Guard maintains an IP reputation database, updated hourly from threat intelligence feeds and internal abuse signals. Each IP is scored 0-100 (0 = known malicious, 100 = known good).

ScoreAction
0-20Block immediately, log to O11y
21-50Challenge (require valid API key + CAPTCHA)
51-80Allow, elevated monitoring
81-100Allow, normal monitoring

Geo-blocking rules restrict traffic by country code. Operators configure allowed/blocked regions per application. Default: allow all.
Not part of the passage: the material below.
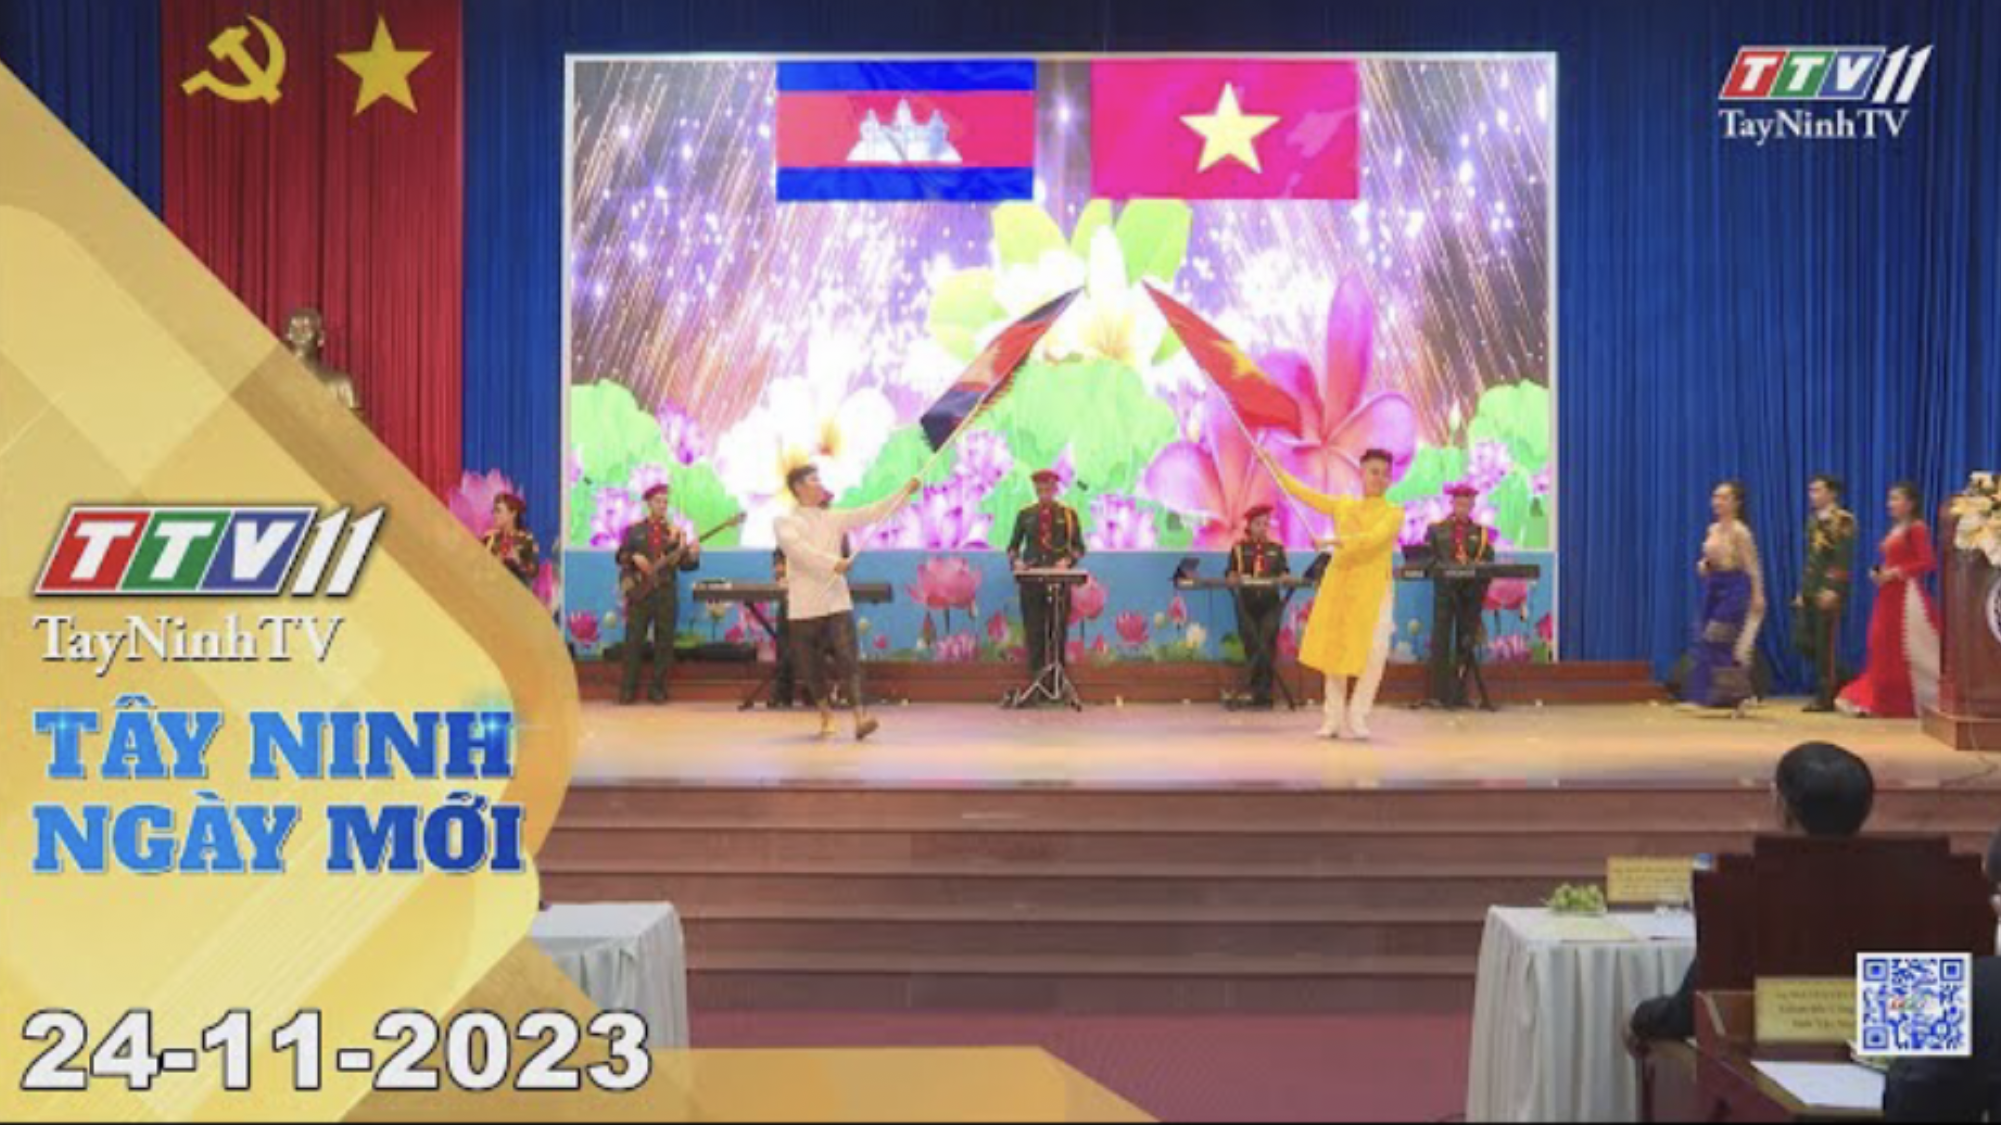 Tây Ninh ngày mới 24-11-2023 | Tin tức hôm nay | TayNinhTV
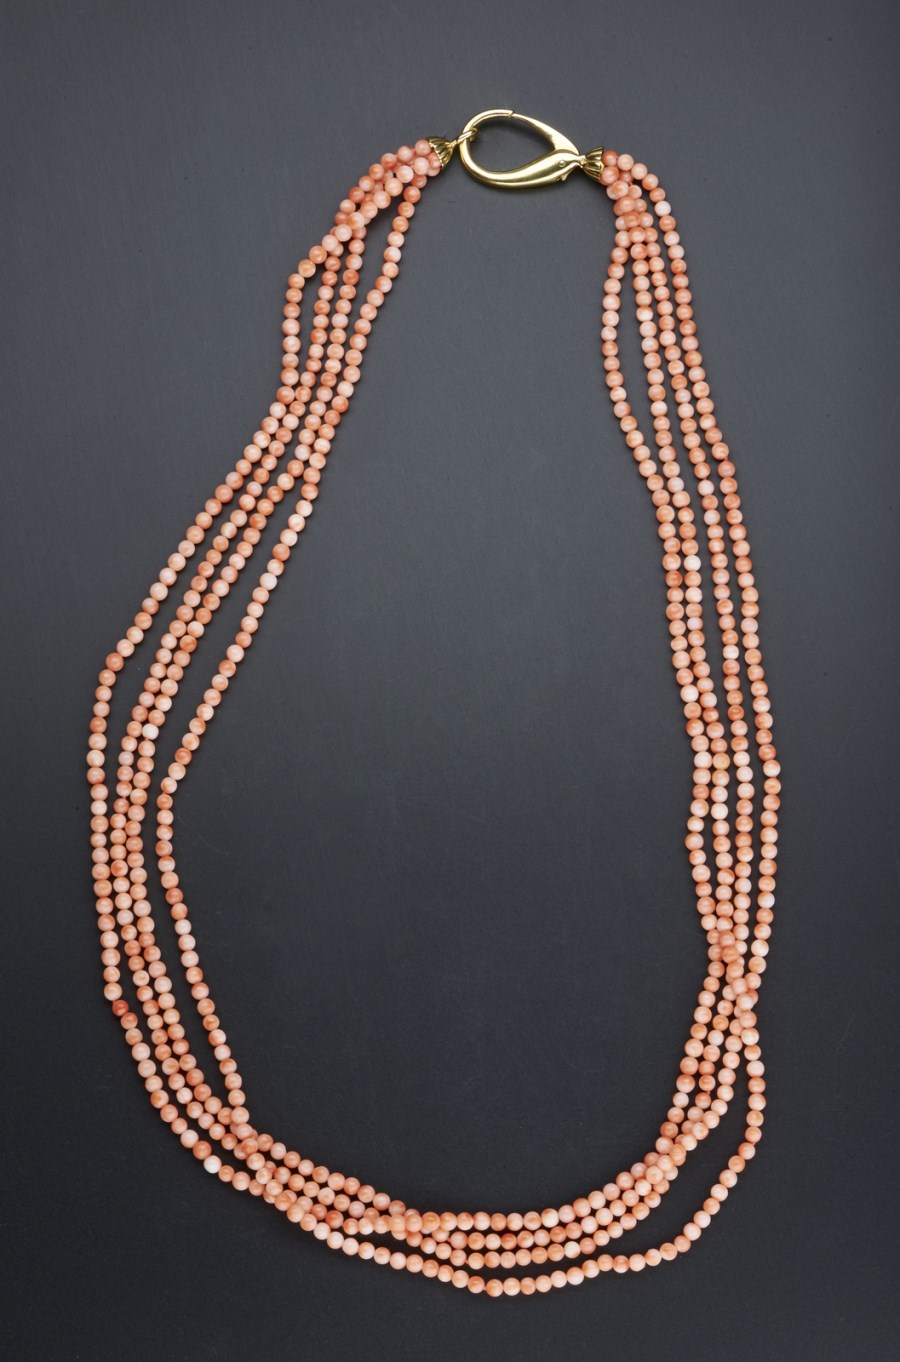 Collana di corallo rosa composta da n. 4 fili  con chiusura a moschettone in oro giallo 750-1000. Peso lordo gr 94,40. (. )

Stage 2: Authentication Enrichment

Guard does not perform authentication (that is the API Gateway's responsibility). It reads the headers injected by the Gateway (X-User-ID, X-Org-ID, X-IAM-Key, X-Scopes) and uses them for per-identity policy enforcement. If these headers are missing, Guard rejects the request -- it refuses to operate on unauthenticated traffic.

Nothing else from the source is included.